Operator	Description
`int`	Mathematical integers.
`nat`	Natural numbers.
`int[lower, upper]`	Intervals of integers, such as `int[0, 10], int[-inf, 5], int[0, inf]`.
`bool`	Booleans. NB: Boolean variables and Boolean-values functions can also be declared in the `\predicates` section.
`mod[lower, upper]`	Finite intervals of integers, but with operations interpreted with wrap-around semantics.
`bv[bits]`	Unsigned fixed-size bit-vectors. `bv[bits]` is short-hand notation for `mod[0, 2^bits - 1]`.
`signed bv[bits]`	Signed fixed-size bit-vectors. `bv[bits]` is short-hand notation for `mod[-2^(bits-1), 2^(bits-1) - 1]`.
`ident`	Types declared in the `\sorts` section.

Built-in Operators

The following table describes the operators available for writing terms and formulae in Princess, within the \problem section.
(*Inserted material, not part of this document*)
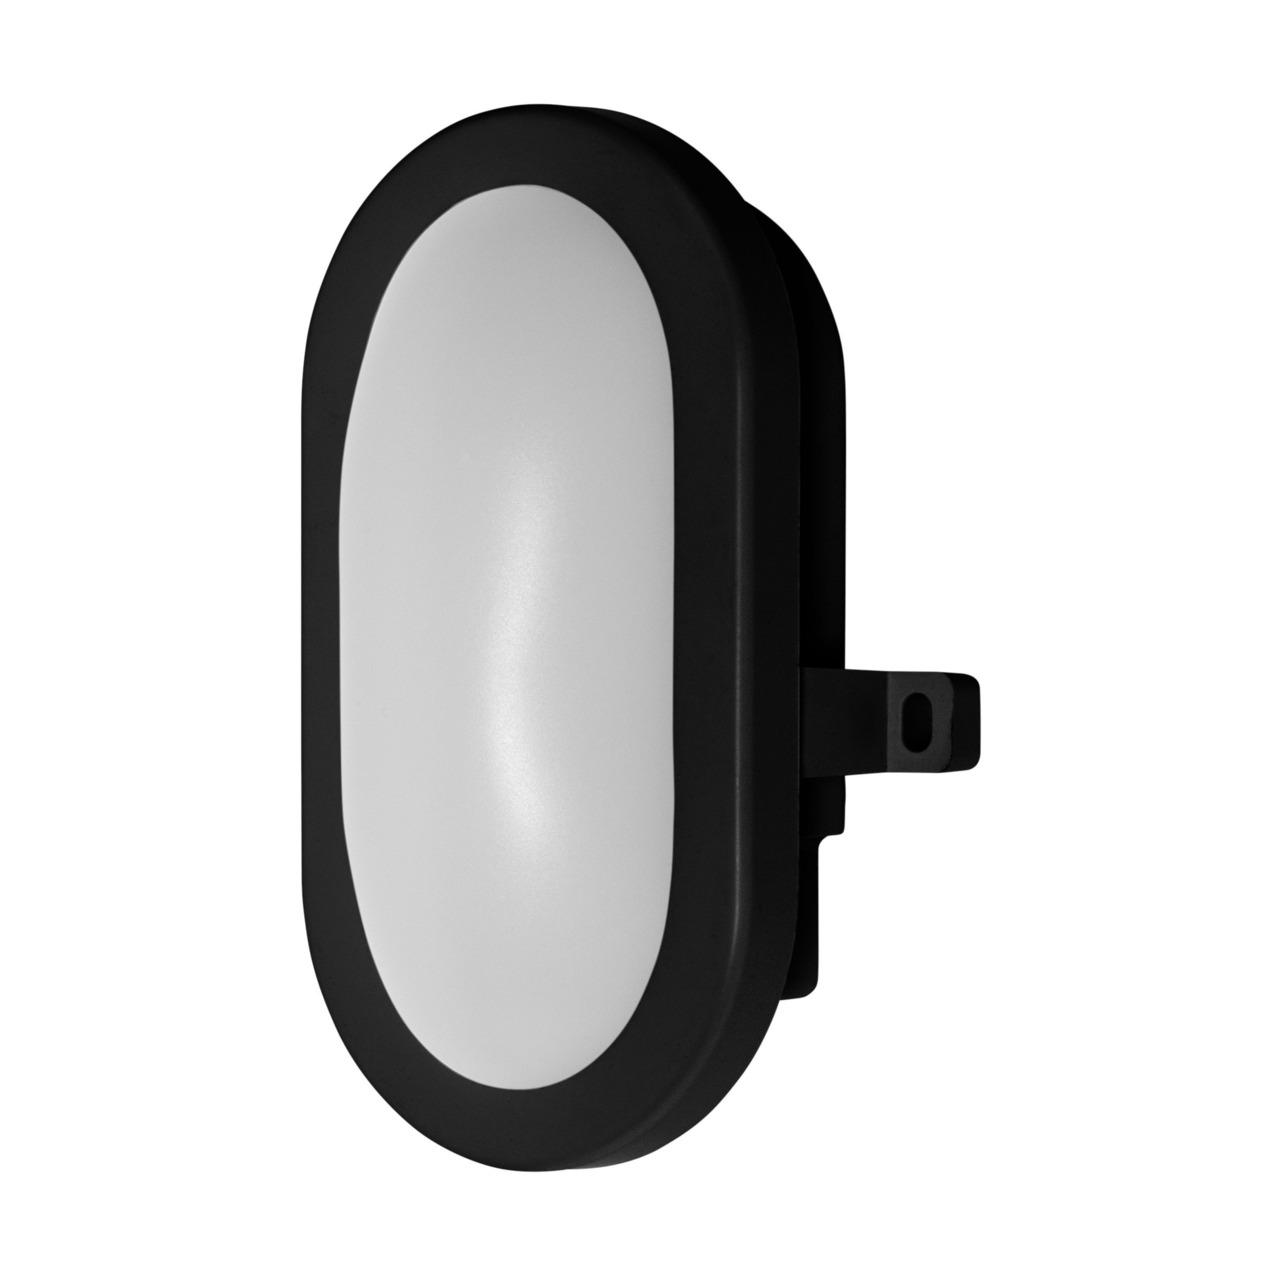 Ledvance 5-5-W-Wand-Deckenleuchte BULKHEAD- schwarz- 450 lm- kaltweiund-223 - IP54

The operators are listed in order of precedence, i.e., the first operator binds strongest, the last operator least strong.

Operator Description

(...) Parentheses can be used to group terms and formula, and overwrite the natural precedence of operators.

f(t1, ..., tn)
t.f Function application. The syntax t.f is only available for unary functions.

\if (cond) \then (a) \else (b) Conditional terms and formulae.
A conditional expression evaluates to a if cond is true, and to b otherwise.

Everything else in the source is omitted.